> Supplied data:
++++++
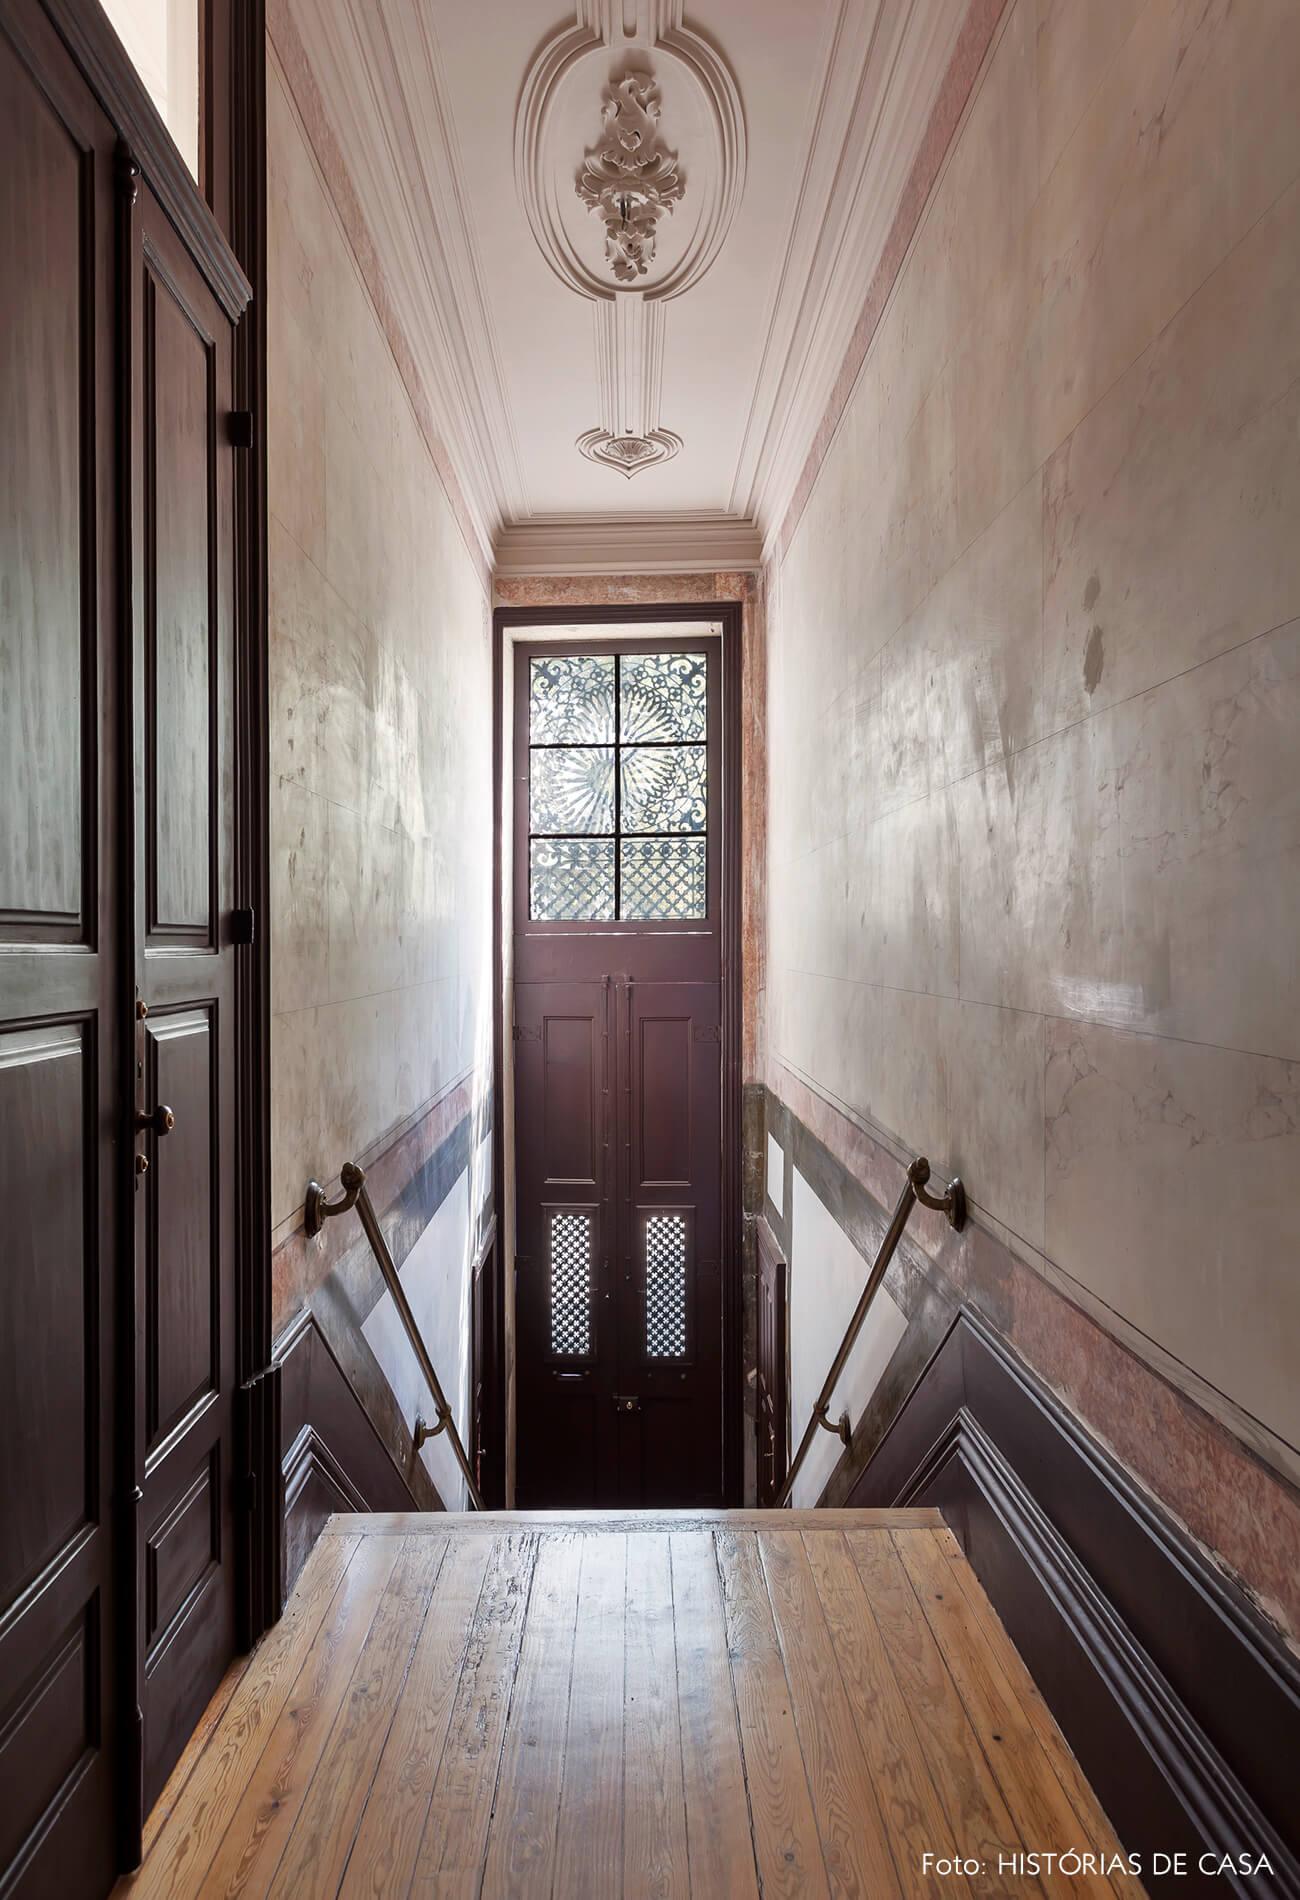 Corredor de casa antiga com piso de madeira
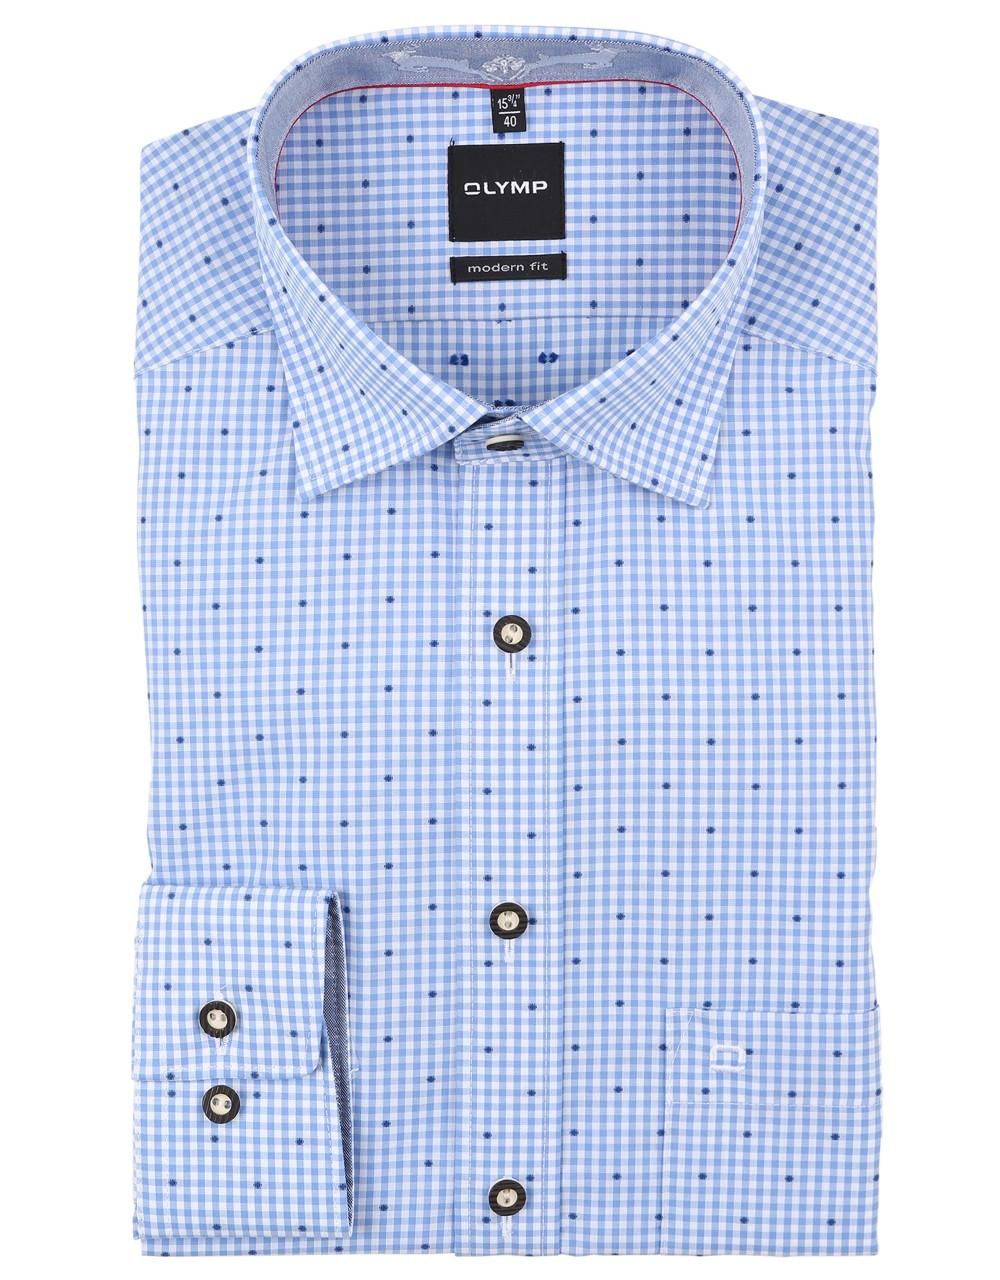 Chemise de Trachten Olymp bleue/blanche à carreaux
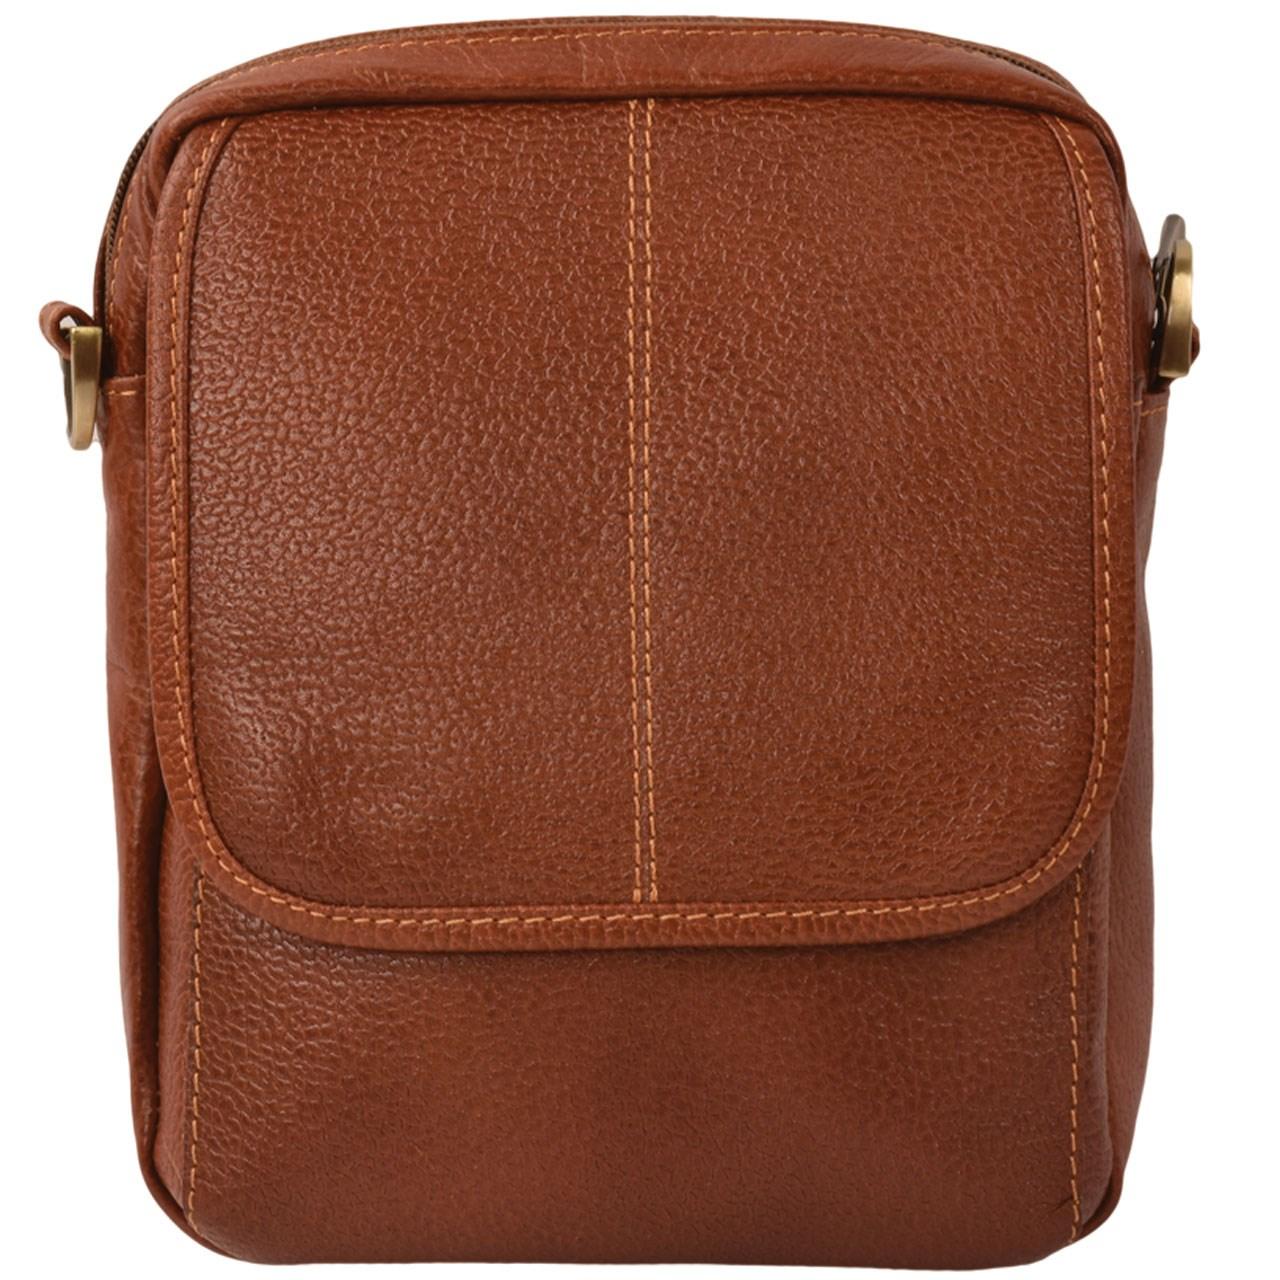 کیف دوشی چرم طبیعی کهن چرم مدل DB65-1
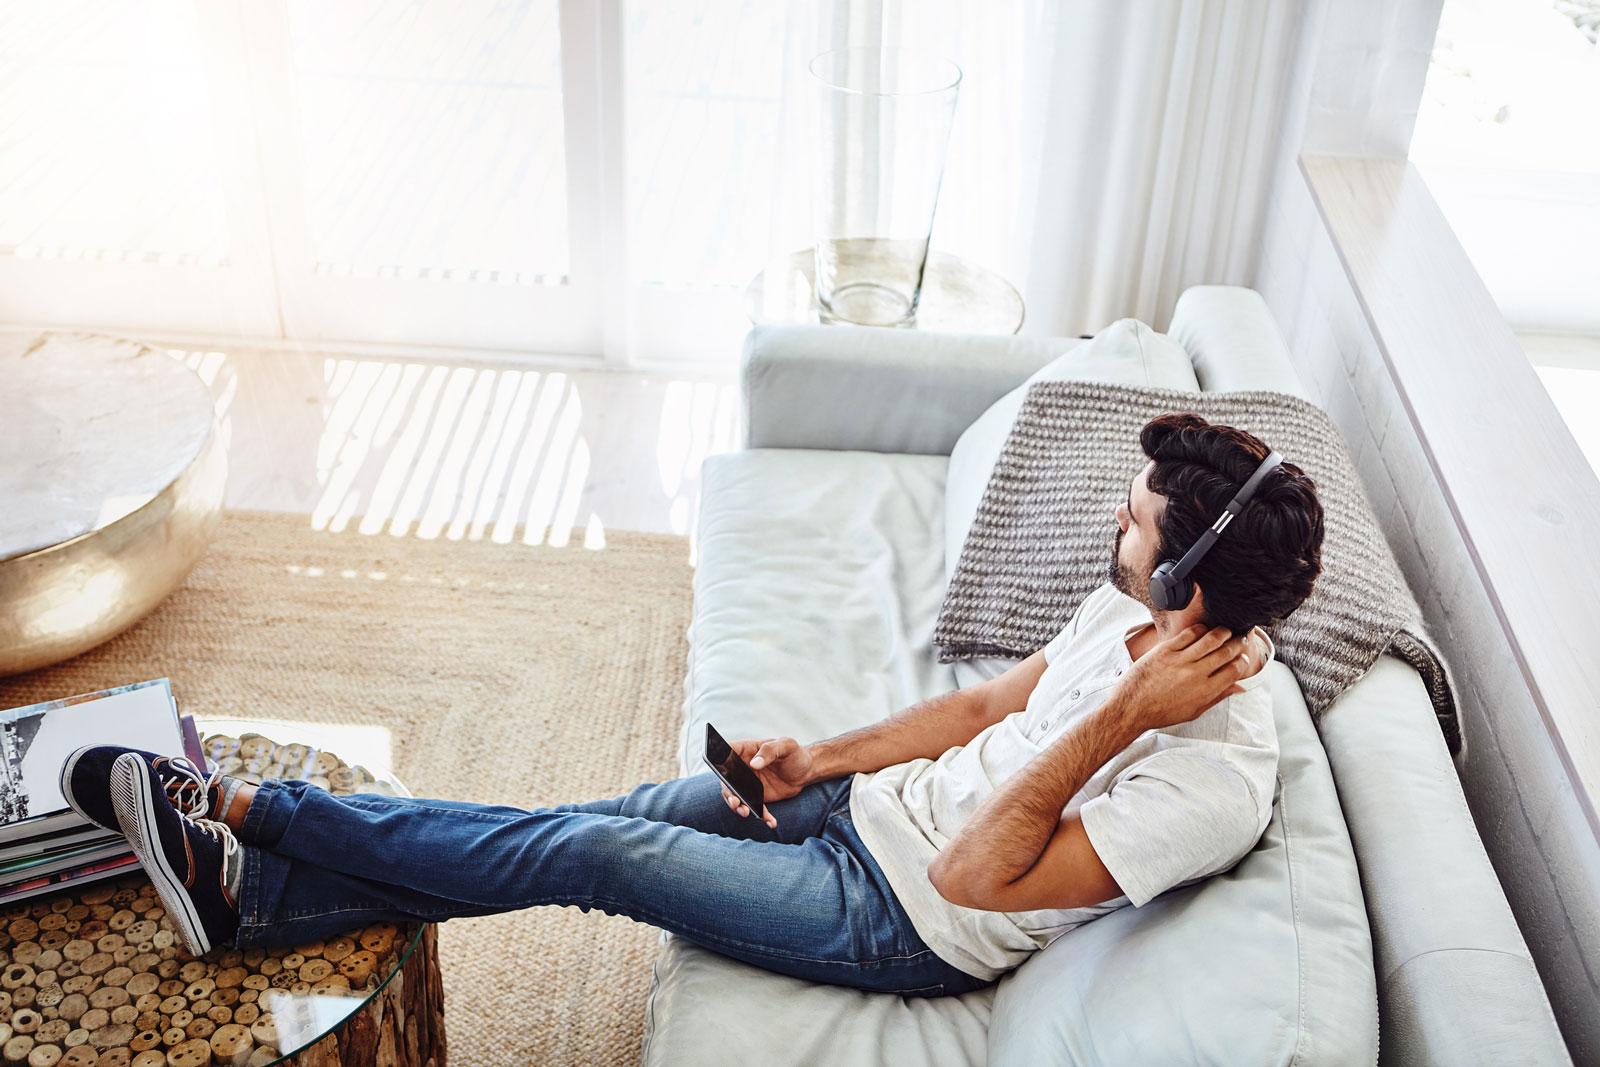 Finanzwissen auf die Ohren: Podcasts und Hörbücher vermitteln dir Wissen ohne große Fachsimpelei.
++++++
> Try it:
Each line of the listing is to be retyped exactly, and its pictures are to be dropped.

> Answer to this problem:
 Corredor de casa antiga com piso de madeira
 Chemise de Trachten Olymp bleue/blanche à carreaux
 کیف دوشی چرم طبیعی کهن چرم مدل DB65-1
 Finanzwissen auf die Ohren: Podcasts und Hörbücher vermitteln dir Wissen ohne große Fachsimpelei.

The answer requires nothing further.